Le gouvernement congolais veut se doter d’une structure chargée d’appliquer les sanctions financières ciblées liées au terrorisme, financement du terrorisme et de la prolifération prises en vertu des Résolutions pertinentes y compris celles du Conseil de sécurité de l’ONU.
Lors de la réunion du Conseil des ministres du vendredi 1er mars, le ministre des Finances, Nicolas Kazadi a soumis le projet de décret portant création, organisation et fonctionnement du Comité National de mise en œuvre des Sanctions Financières Ciblées (CONASAFIC).

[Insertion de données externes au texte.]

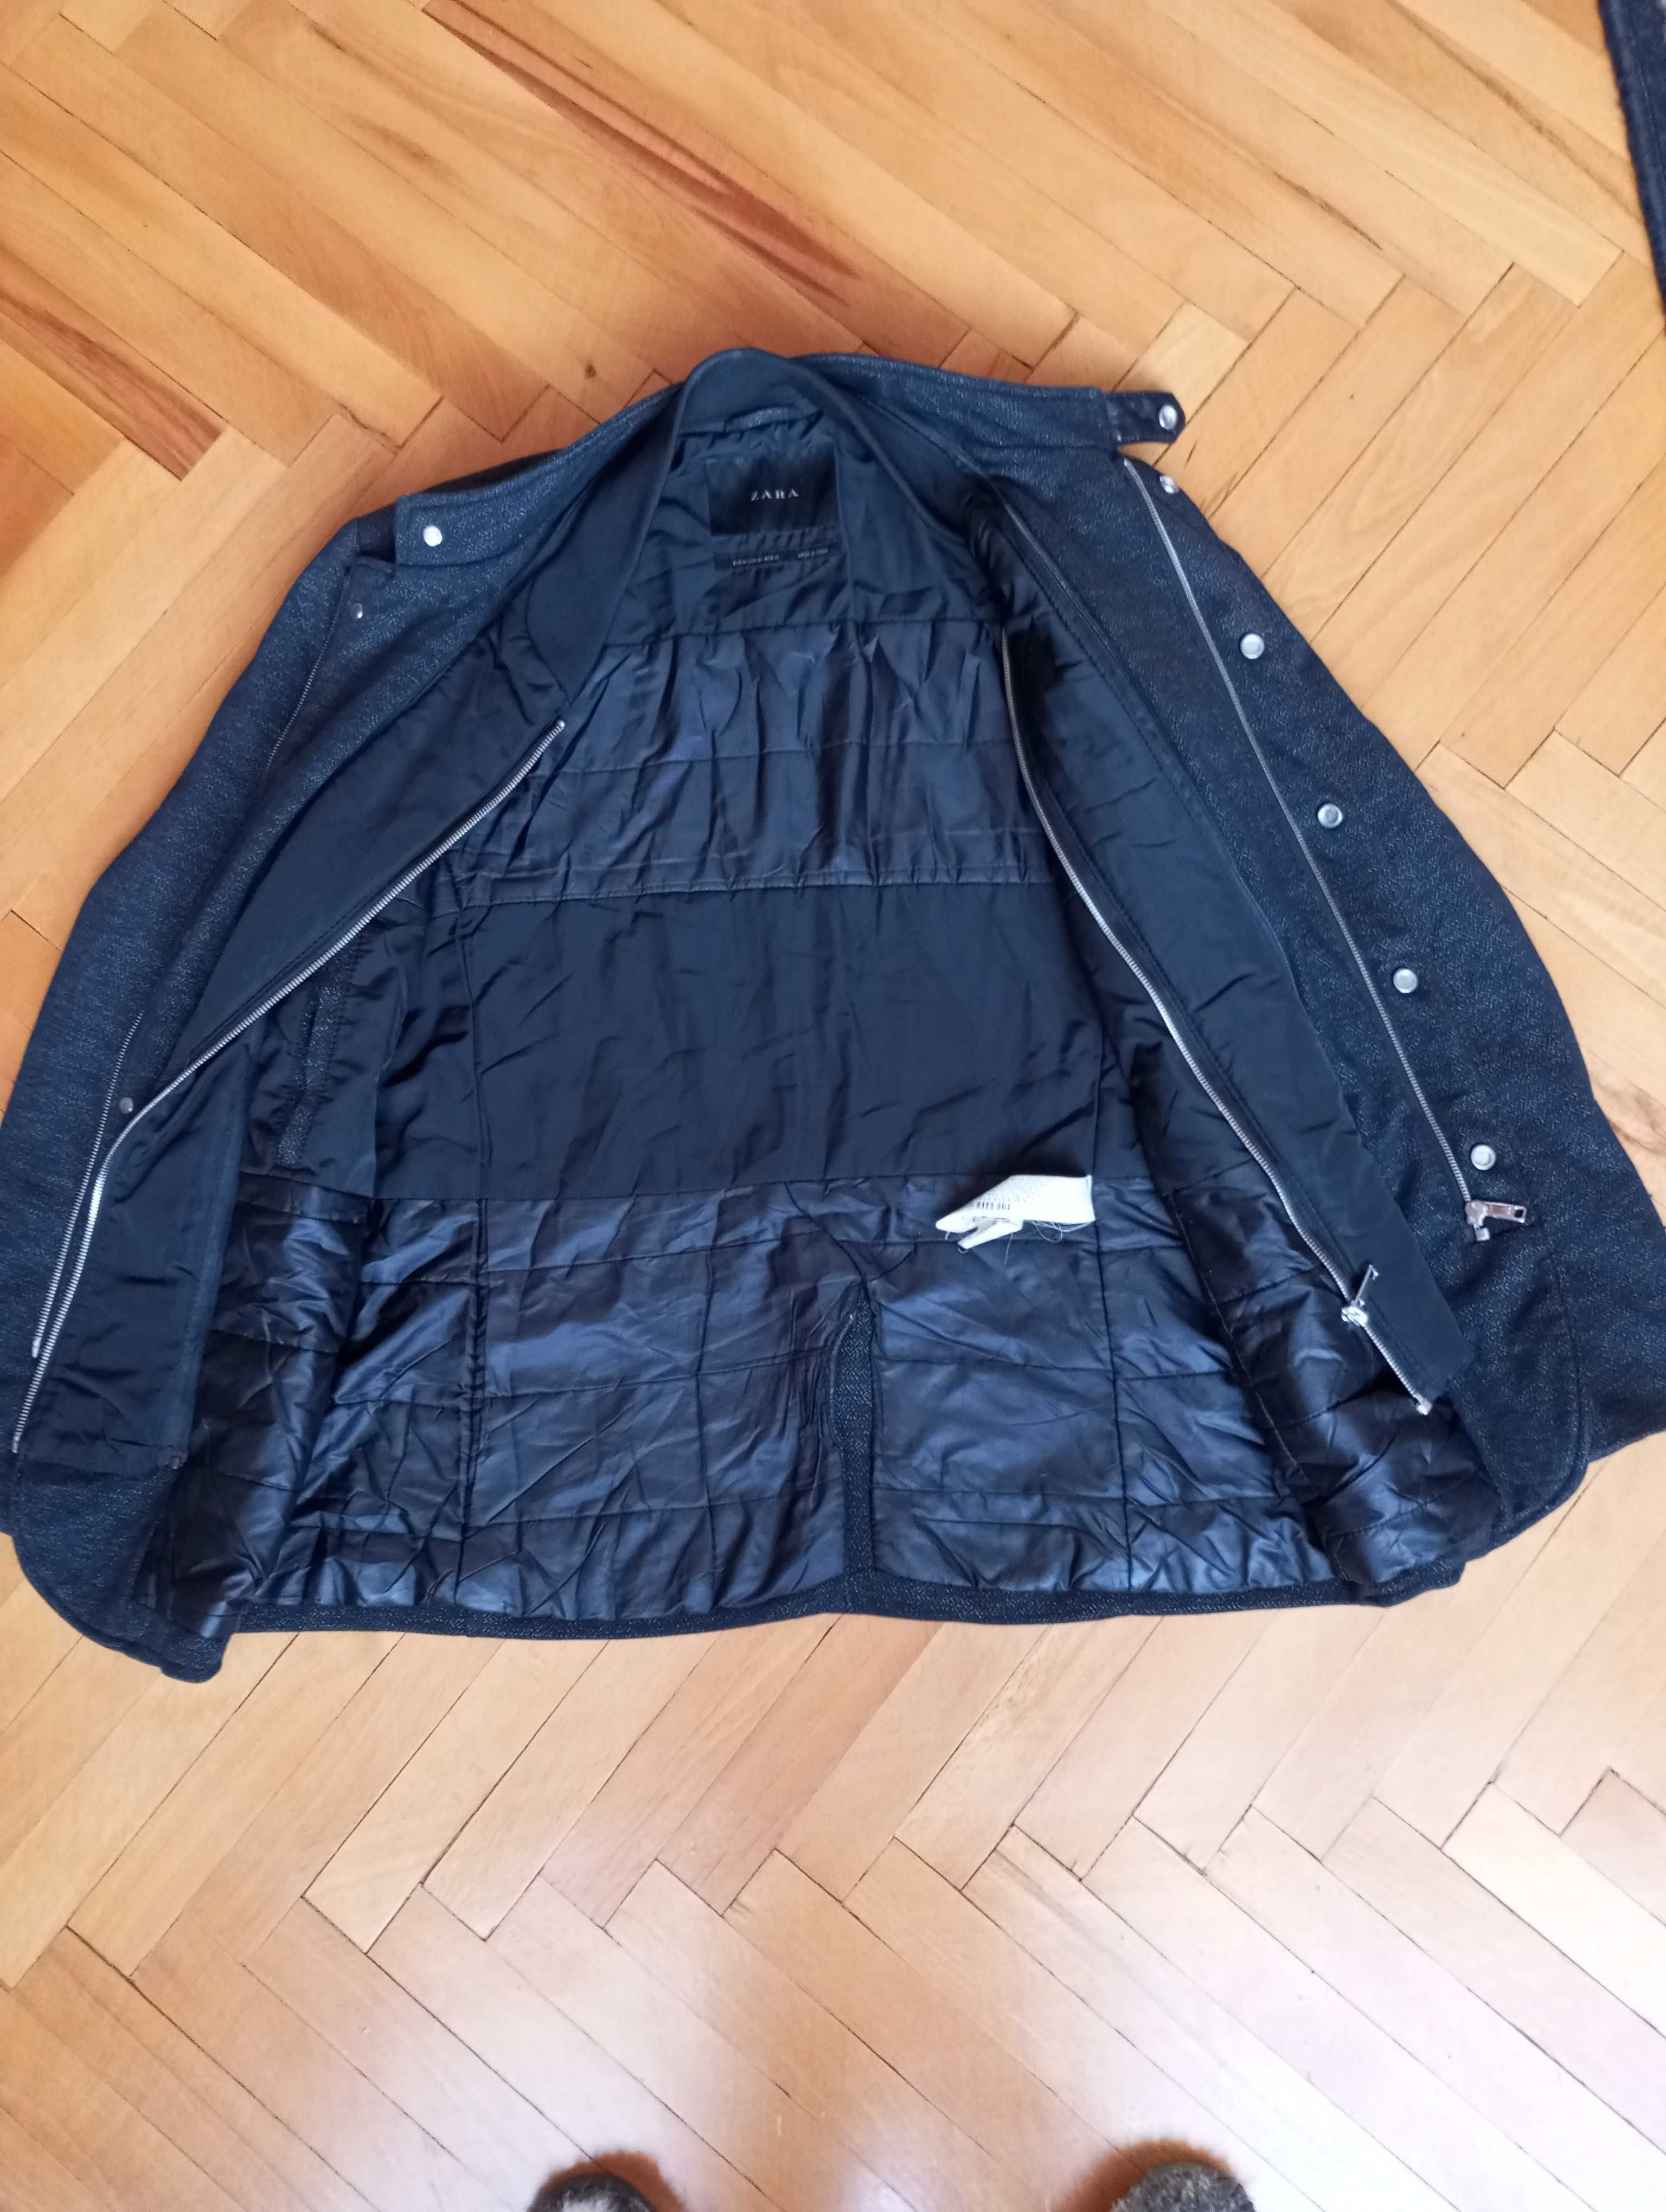 Чоловіча куртка демисезонна ZARA . Розмір М.

Selon l’argentier de la RDC, la mission du CONASAFIC s’étend à la mise en œuvre du gel des fonds et autres biens ainsi que des ressources économiques décidé au titre des sanctions prises par les Etats et les organismes internationaux, prévu à l’article 17 de la Loi n° 22/069 du 27 décembre 2022 relative à l’activité et au contrôle des établissements de crédit.

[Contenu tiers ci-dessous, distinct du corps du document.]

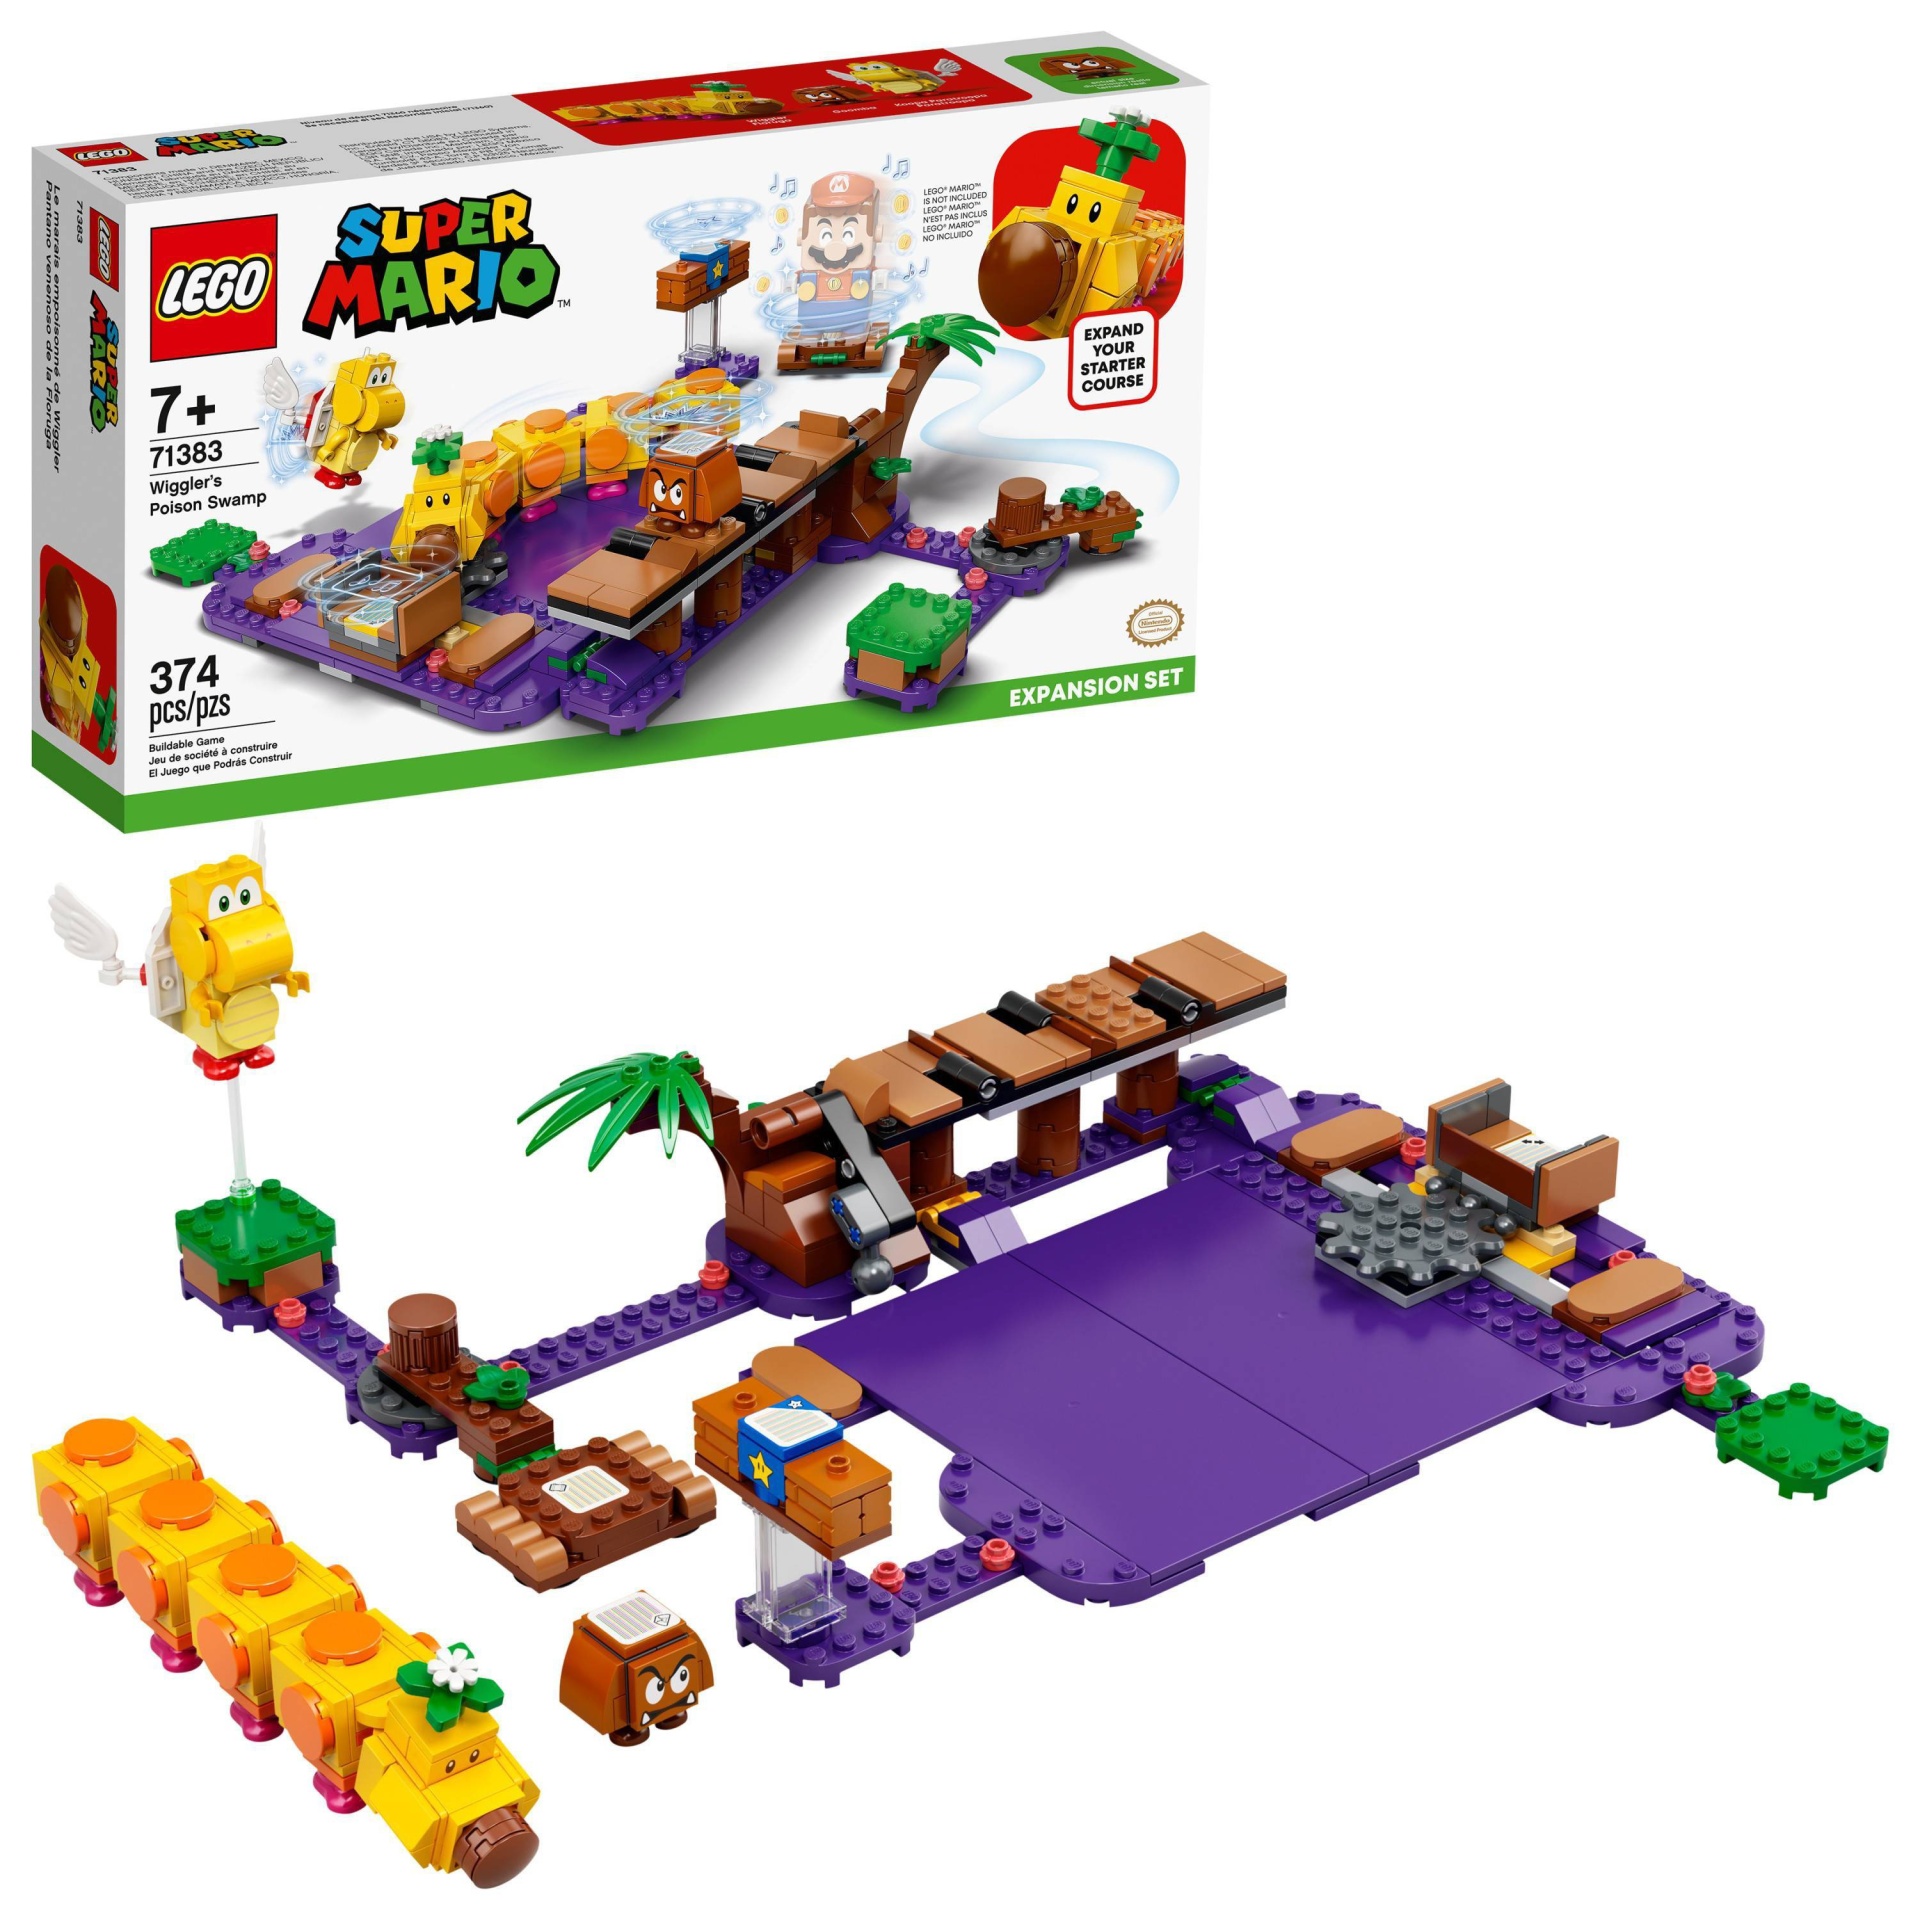 slide 1 of 7, LEGO Super Mario Wiggler's Poison Swamp Expansion Set 71383, 1 ct

Le CONASAFIC, précise Nicolas Kazadi, émet des avis pour les questions relatives à l’octroi de licence ou dérogation, de dégel et de mesures restrictives. Il élabore et tient à jour les outils nécessaires à la compréhension et à la mise en œuvre effective des sanctions financières ciblées.
Application des sanctions financières ciblées
Mis à part la création du CONASAFIC, le ministre des Finances a aussi proposé un autre projet de décret qui porte sur le régime de mise en œuvre des sanctions financières ciblées.
En effet, ce texte définit notamment les règles de mise en œuvre des sanctions financières ciblées prévues, au titre de la lutte contre le financement du terrorisme dans les différentes Résolutions pertinentes ; les critères de désignation visés à l’article 152 de la Loi n°22/068 du 72 décembre 2022 portant lutte contre le blanchiment de capitaux et le financement du terrorisme et de la prolifération des armes de destruction massive.
En outre, il définit les modalités d’adoption, au niveau national, de sanctions financières ciblées conformément aux exigences de la Résolution 1373(2001) et souligne le rôle des autorités publiques en charge de l’adoption et de la mise en œuvre des sanctions financières ciblées et du contrôle de leur mise en œuvre.
Nicolas Kazadi est persuadé que la signature permettrait à la RDC non seulement de réaliser les actions des résultats immédiats 10 et 11 liés aux recommandations 6 et 7 du GAFI, mais également de solliciter en octobre, une ré-notation auprès du GABAC, organisme régional du type GAFI (ORTG) qui avait évalué le pays.
D’après le compte rendu de cette réunion interministérielle, le Conseil a envoyé ces deux projets de décrets en Commissions des lois, économie et finances du gouvernement pour un examen approfondi.